Millicom Announces the Pricing of $500 Million Senior Notes
LUXEMBOURG, Oct. 12, 2018 /PRNewswire/ -- Millicom International Cellular S.A. ("Millicom") (Stockholmsbörsen: MIC) announces the pricing of its $500 million 6.625% senior notes due 2026 (the "Notes"), which are intended to be issued on October 16, 2018 subject to market and other customary conditions. Millicom intends to use the net proceeds of the Notes to finance, in part, the acquisition of Cable Onda S.A.
Purchases of Notes are subject to all applicable securities laws and regulations in force in any relevant jurisdiction. In particular, any purchaser of Notes must be a qualified institutional buyer, as defined in Rule 144A under the U.S. Securities Act of 1933, as amended (the "Securities Act"), or a non-U.S. person (as defined in Regulation S under the Securities Act) (and, in this case, only to investors who, if resident in a Member State of the European Economic Area, are not retail investors, whereby a retail investor is defined as a person who is one (or more) of: (i) a retail client as defined in point (11) of Article 4(1) of Directive 2014/65/EU, as amended ("MiFID II"); or (ii) a customer within the meaning of Directive 2002/92/EC, as amended (the "Insurance Mediation Directive"), where that customer would not qualify as a professional client as defined in point (10) of Article 4(1) of MiFID II; or (iii) not a qualified investor as defined in Directive 2003/71/EC (and amendments thereto, including Directive 2010/73/EU) (the "Prospectus Directive").
This press release is for information purposes only and does not constitute an offer to purchase nor the solicitation of an offer to sell any of the securities described herein nor shall there be any offer or sale of such securities in any jurisdiction in which such offer, solicitation or sale would be unlawful.

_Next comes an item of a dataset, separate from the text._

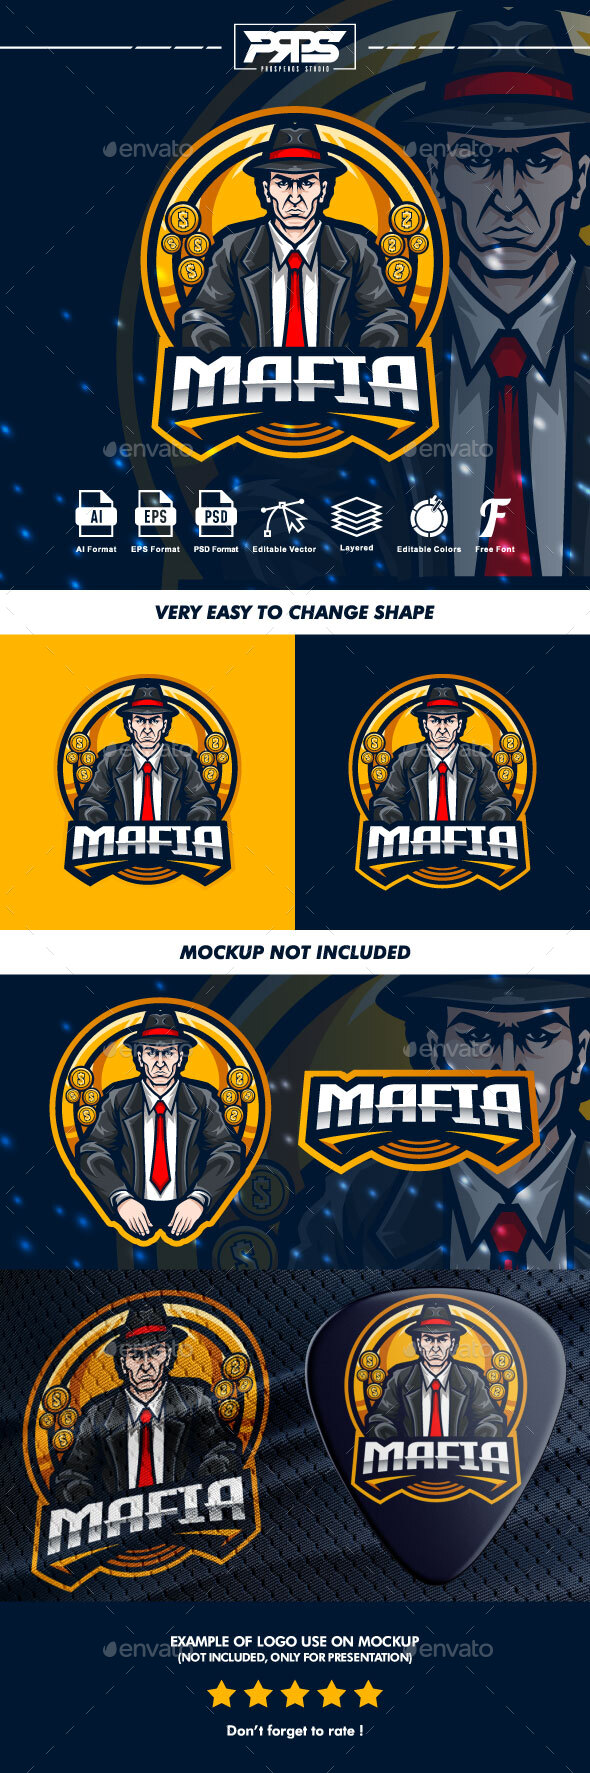 [DOWNLOAD]Mafia Esport Logo

Certain statements in this press release, including those describing the Offering of the Notes, constitute forward-looking statements. These statements are not historical facts but instead represent only Millicom's belief regarding future events, many of which, by their nature, are inherently uncertain and outside Millicom's control. It is possible that actual results will differ, possibly materially, from the anticipated results indicated in these statements.
Important Note
The Notes have not been and will not be registered under the Securities Act. The Notes may not be offered or sold in the United States except pursuant to an exemption from, or in a transaction not subject to, the registration requirements of the Securities Act and applicable state securities laws. There will be no public offer of the Notes in the United States (for these purposes, "United States" means the United States of America, its territories and possessions, any State of the United States, and the District of Columbia).

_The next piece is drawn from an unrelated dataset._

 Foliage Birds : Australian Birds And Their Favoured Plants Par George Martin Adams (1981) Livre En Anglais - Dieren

In member states of the European Economic Area, this press release is for distribution only to and directed only at persons who are "qualified investors" within the meaning of the Prospectus Directive. In relation to each member state of the European Economic Area that has implemented the Prospectus Directive (each, a "Relevant Member State"), the investment contemplated by this press release is not being made, and will not be made, to the public in that Relevant Member State, other than to any legal entity that is a "qualified investor" as defined in Article 2(1)(e) of the Prospectus Directive. Each potential investor located within a Relevant Member State of the European Economic Area will be deemed to have represented, acknowledged and agreed that it is a "qualified investor" within the meaning of Article 2(1)(e) of the Prospectus Directive.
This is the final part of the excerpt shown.